In diplomacy, a warm hug is no substitute for realpolitik
Fortunately, Modi's romance with the Israeli leader did not lead to any change in India's stand on the Palestinian question.
I did not follow protocol. I am a simple man with no baggage. I made friends the world over ...” Thus spoke India’s Prime Minister Narendra Modi, master of the diplomatic hug fest, in a recent TV interview where he expatiated on what constitutes India’s foreign policy, or at least his understanding of it.
“Every time I stand beside world leaders such as Vladimir Putin or Donald Trump, all I remember is that I am the representative of 1.15 crore citizens. They have given me the mandate to be there. Before 2014, the world didn’t care about what India had to say. But after we came to power in 2014, the situation changed completely. For the first time in 30 years, India has a government with a full majority. This was noticed by the entire world. I witnessed it during the Saarc and G-20 meet. They accept us as a leader now.”
Was that disingenuous or political hubris? With most of the neighbouring states even more hostile to India than they have traditionally been, India’s leadership even in its limited area of influence is under challenge. India’s domineering attitude and interference in their internal affairs, most markedly in the case of Nepal, has pushed them into China’s arms, leaving Mr Modi’s “neighbourhood first” policy in tatters. Maldives is the latest to thumb its nose at Delhi by signing a comprehensive free trade agreement with Beijing. Saarc has not met after the 2016 summit was torpedoed in the wake of the terrorist attack on Uri.
The neighbourhood was meant to be the centrepiece of the so-called Modi doctrine and initially it did appear that the BJP would be able to assuage the wounds inflicted by previous Congress governments.

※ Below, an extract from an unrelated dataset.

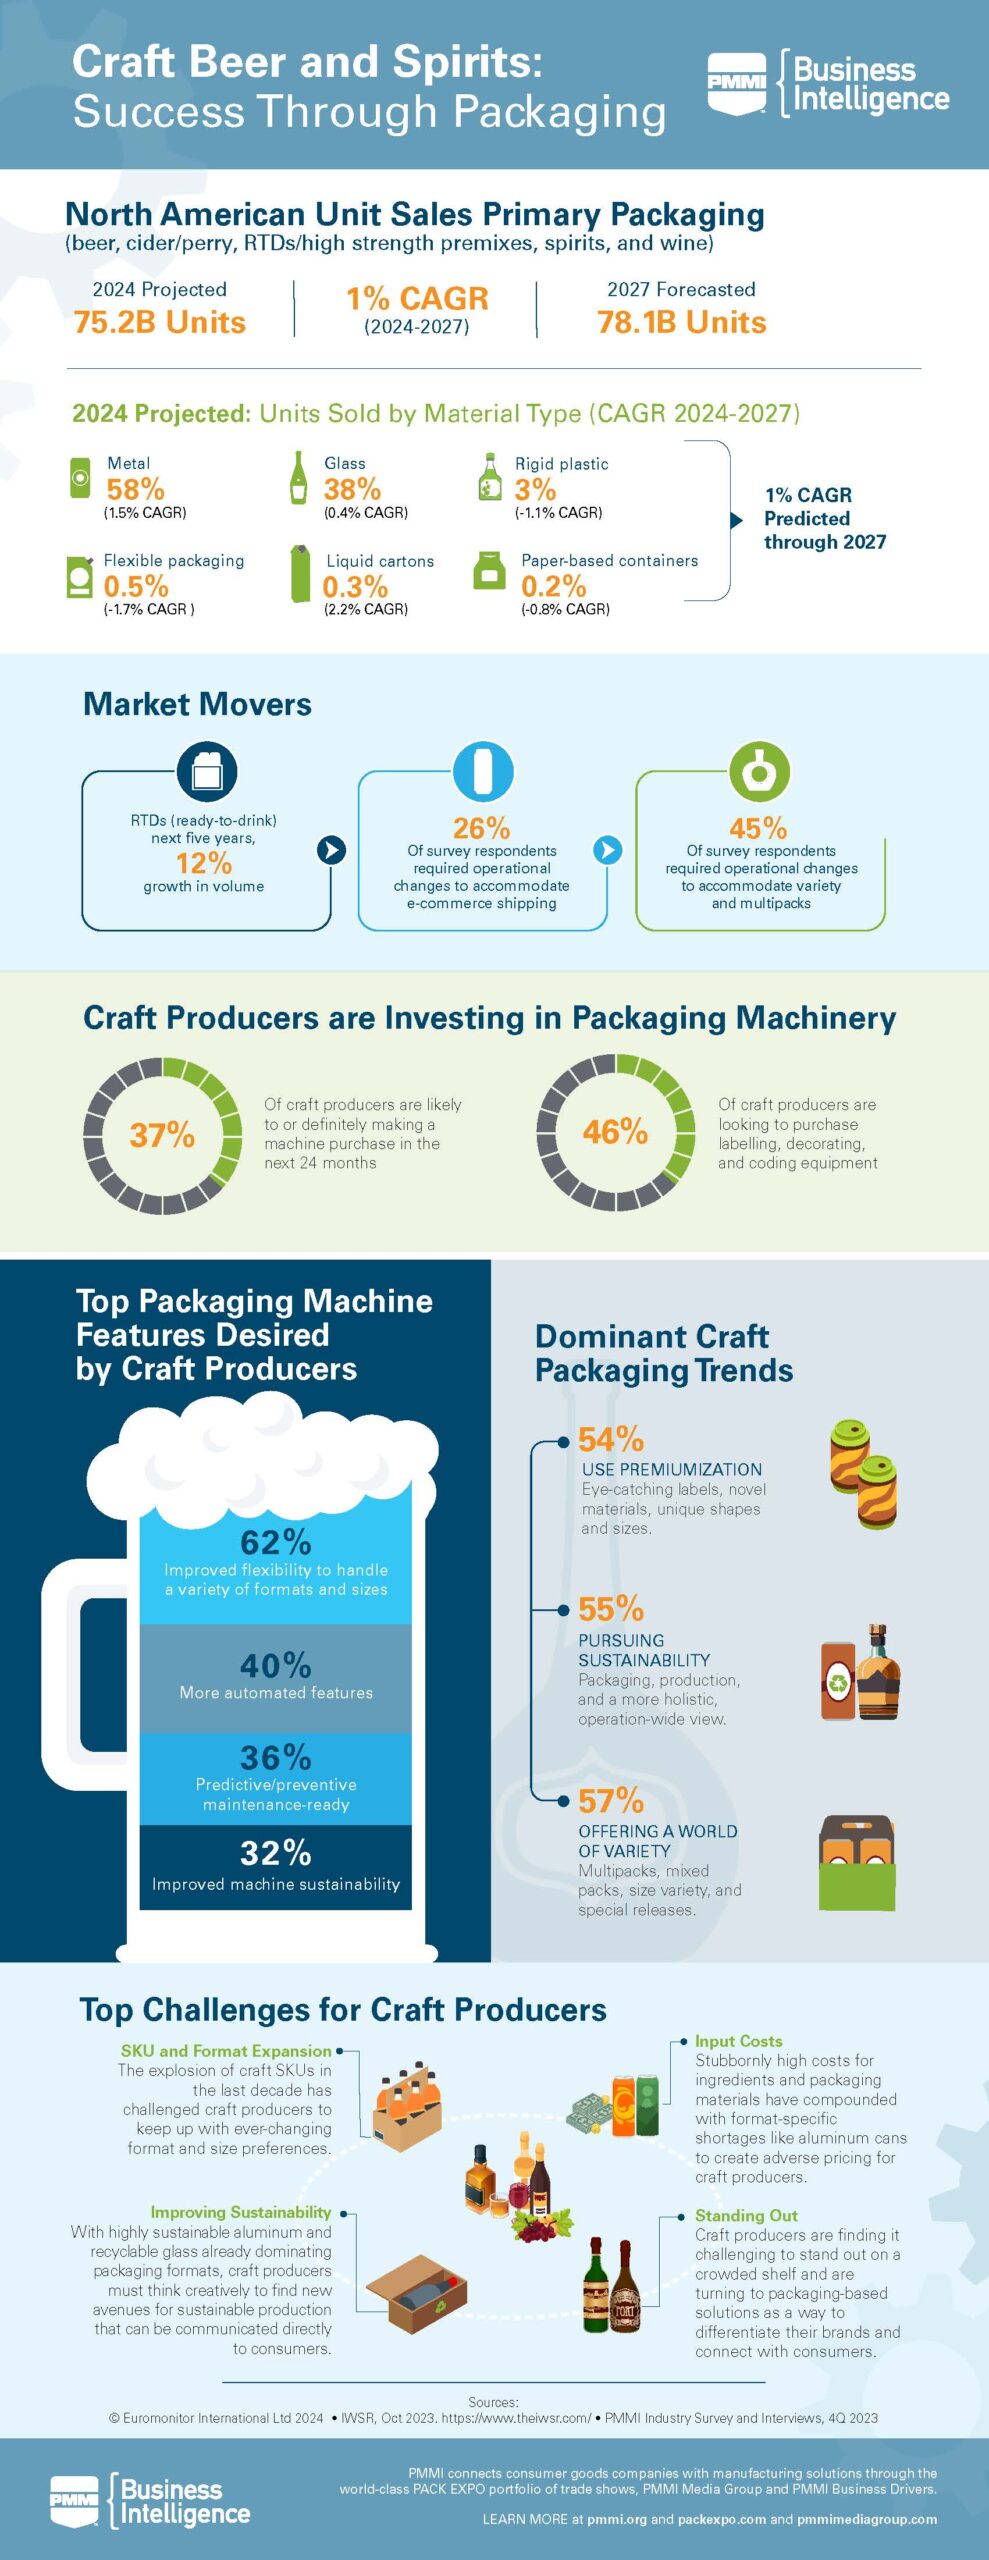 PMMI Craft Beer and Spirits Infographic

Nepal is the star failure for Mr Modi. A series of follies on the part of Delhi has left Kathmandu bristling — Delhi’s opposition to its new secular constitution is unlikely to be forgotten soon — while the election of a new communist coalition led by former Prime Ministers Pushpa Kamal Dahal and K.P. Sharma Oli is expected to push the country into a warmer embrace with China. Bhutan, Maldives and Sri Lanka have also moved out of New Delhi’s orbit and gravitated towards Beijing’s lure of economic assistance. Besides, strategic analysts say there is a sense of predictability in China’s policies that is missing in New Delhi’s capricious formulations. Pakistan continues to be kept at arm’s length although the recent disclosure that the national security advisers of India and Pakistan met secretly in Thailand end-December offers a ray of hope that talks would restart soon. New Delhi has not been able to respond to the events in Myanmar with any decisiveness. Once again ideology has trumped national interest because Mr Modi’s highly personalised way of conducting diplomacy is devoid of a strategic framework upon which to build policy. The irony is that the BJP had promised to elevate foreign policy to a new plane — muscular, realistic and pragmatic — from what was dismissively referred to as the idealistic, elitist path set by Nehru and followed by his successors.
Much of Modi doctrine is being conducted as a soap opera because the Prime Minister appears to think that state visits and hug fests are what constitute foreign policy. This is most apparent in the excessive bonhomie that marked the visit of Israeli Prime Minister Benjamin Netanyahu who visited India recently. The relationship with Israel is politically and ideologically dear to the BJP regime because of the empathy between Hindutva and Zionism in their commonly shared Islamophobia.
Hindu fundamentalist leaders have been great champions of the creation of Israel and the man whose philosophy guides the BJP, M.S. Golwalkar of the Rashtriya Swayamsevak Sangh, was an unabashed admirer of Jewish nationalism although, ironically, he also extolled the horrific ethnic cleansing unleashed by Nazi Germany in which six million Jews were killed.
Fortunately, Mr Modi’s romance with the Israeli leader did not lead to any change in India’s stand on the Palestinian question. Although it caused dismay in the BJP circles that favour all-out support for Israel, India voted in favour of the UN General Assembly resolution rejecting US recognition of Jerusalem as the capital of Israel. India’s opting to maintain its traditional support for the Palestinian cause has incensed some analysts who believe the problem lies with the refusal of the Indian Foreign Service to take the Mr Modi’s line forward and have called for an overhaul of the system.
Personal diplomacy devoid of a strategic foreign policy with clear objectives is unlikely to bring any benefits to India or raise its international profile although it would certainly increase the Prime Minister’s list of friends. A hug, however warm, is no substitute for the realpolitik of international diplomacy.